16.The respondent was entitled not to accept the appellant’s advice, and to seek advice elsewhere as she did, but her disagreement with the advice provided did not entitle her not to pay for it.
17.I respectfully disagree, therefore, with the original tribunal’s finding that the contract between the parties was for the appellant to provide legal services to the respondent “of the nature and kind that the respondent sought and not just any legal services”. I also disagree with the original tribunal’s finding that the appellant “failed to discharge its contractual undertakings”[9] in the ways described in paragraph 5 above. The original tribunal’s statement and what gave rise to it involved at least three errors.
[9] Colquhoun Murphy Pty Ltd v Reddy [2017] ACAT 83 at [18]
18.First, there were no such undertakings and the costs agreement provided no such details about the services to be provided. The advice given in response to the instructions, including advice upon how the respondent should proceed, was a matter of judgement for the appellant. The appellant did not fail in its contractual undertakings by not doing what the respondent wished it to do.

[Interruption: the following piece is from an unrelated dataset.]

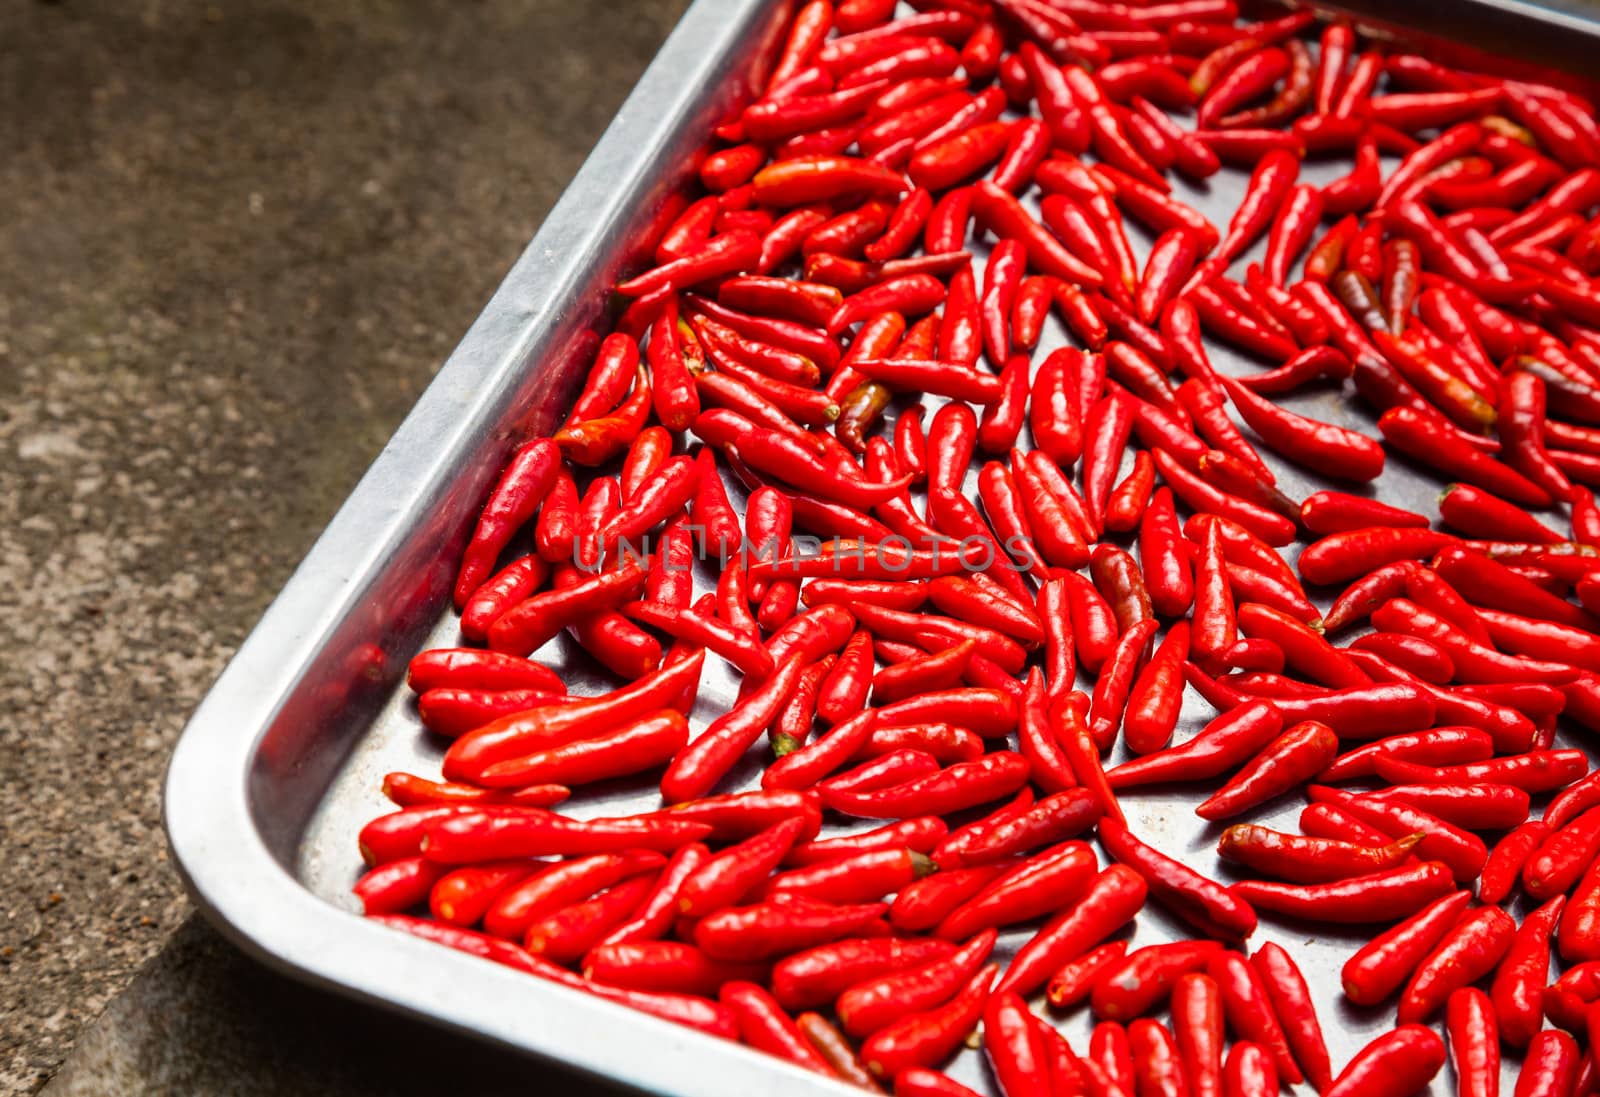 Chili peppers drying by naumoid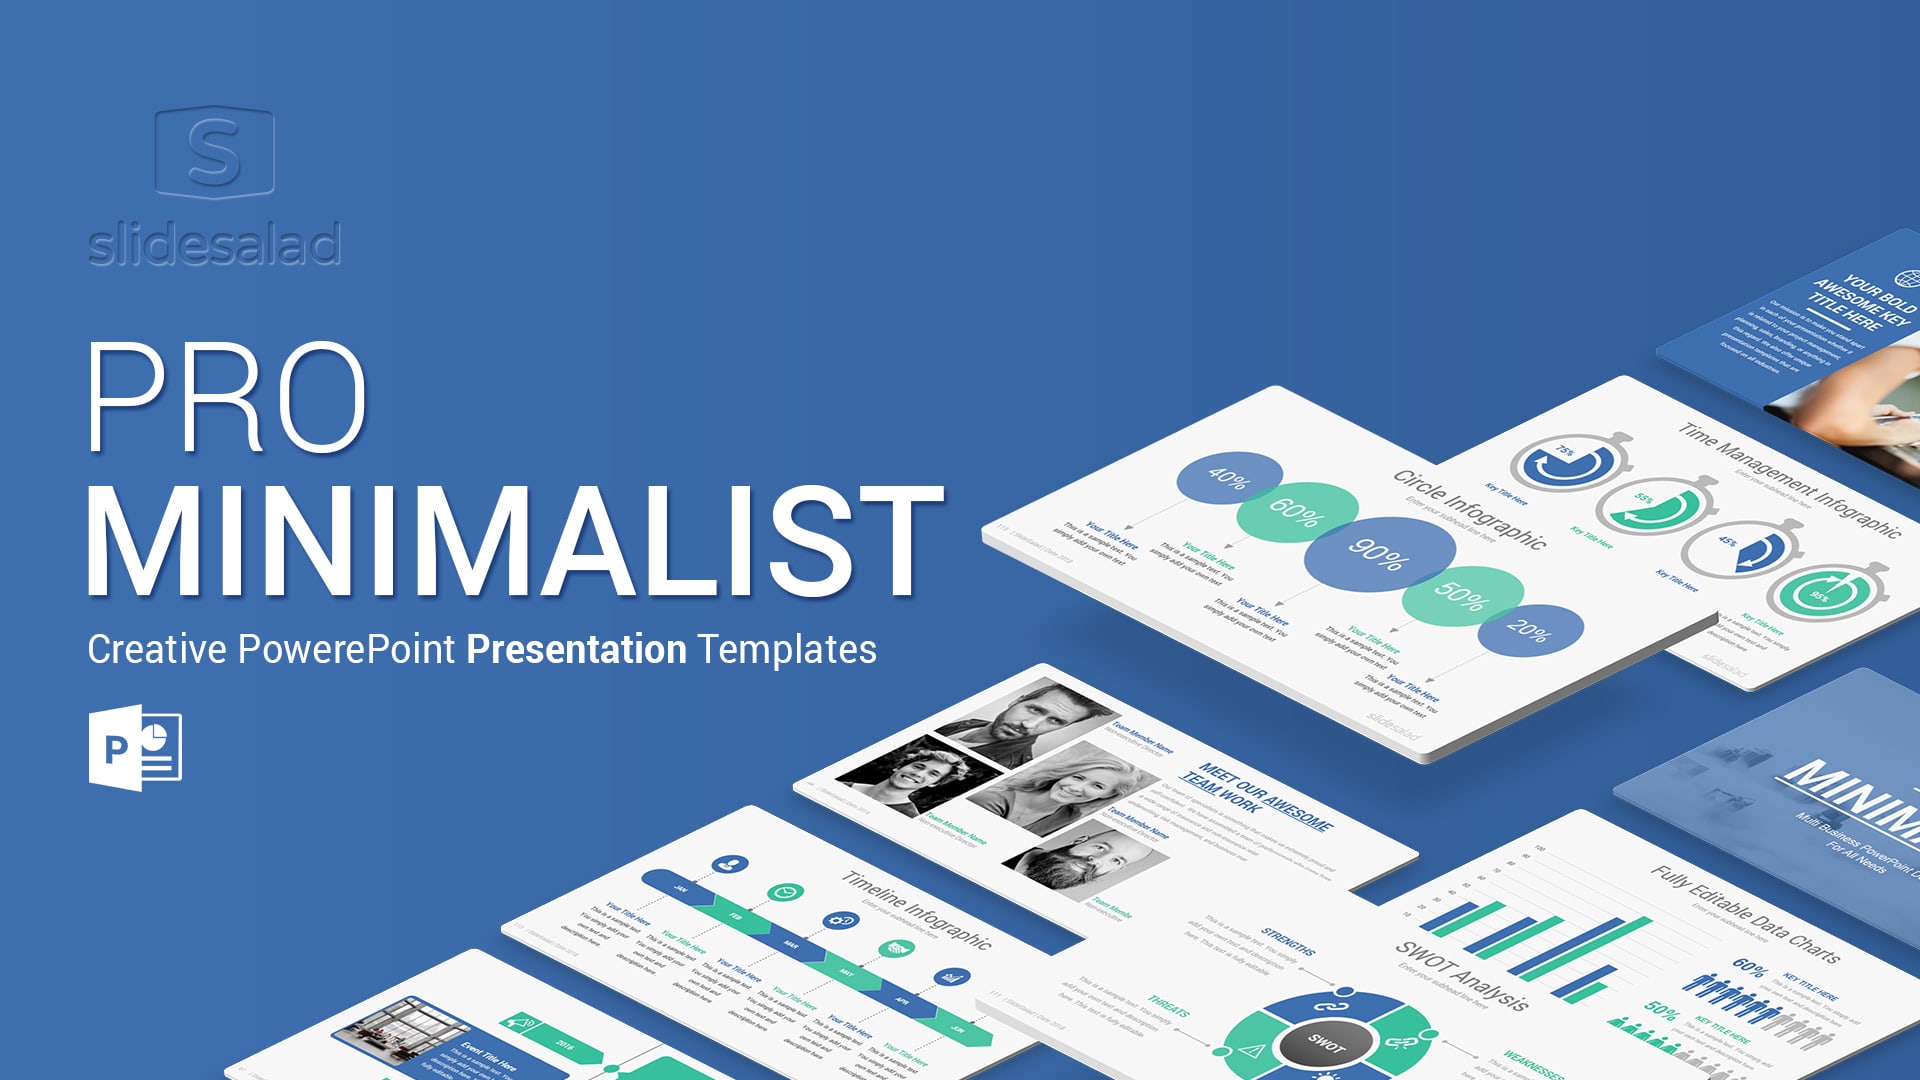 40 Minimalist Ppt Templates To Make Simple Modern Powerpoint Presentations In 2021 Slidesalad

19.Second, as the appellant submitted, for the original tribunal to embark on its critique of the appellant’s legal advice was a breach of procedural fairness. The appellant came to the hearing for determination of its application for payment of a debt, not a review of the legal services that the appellant had provided. The original tribunal did not have before it an application or counterclaim alleging breach of contract or negligence, and had no role to consider the application as if it were a contract application or a damages application. Mr Reddy submitted that there was no procedural unfairness because the appellant was aware of her contention that she should not have to pay the appellant’s fees because the appellant had not followed her instructions. The respondent’s response stated it from the outset. That may be so, but the response (and its relevance) still needed to be considered in the context of the application to be decided.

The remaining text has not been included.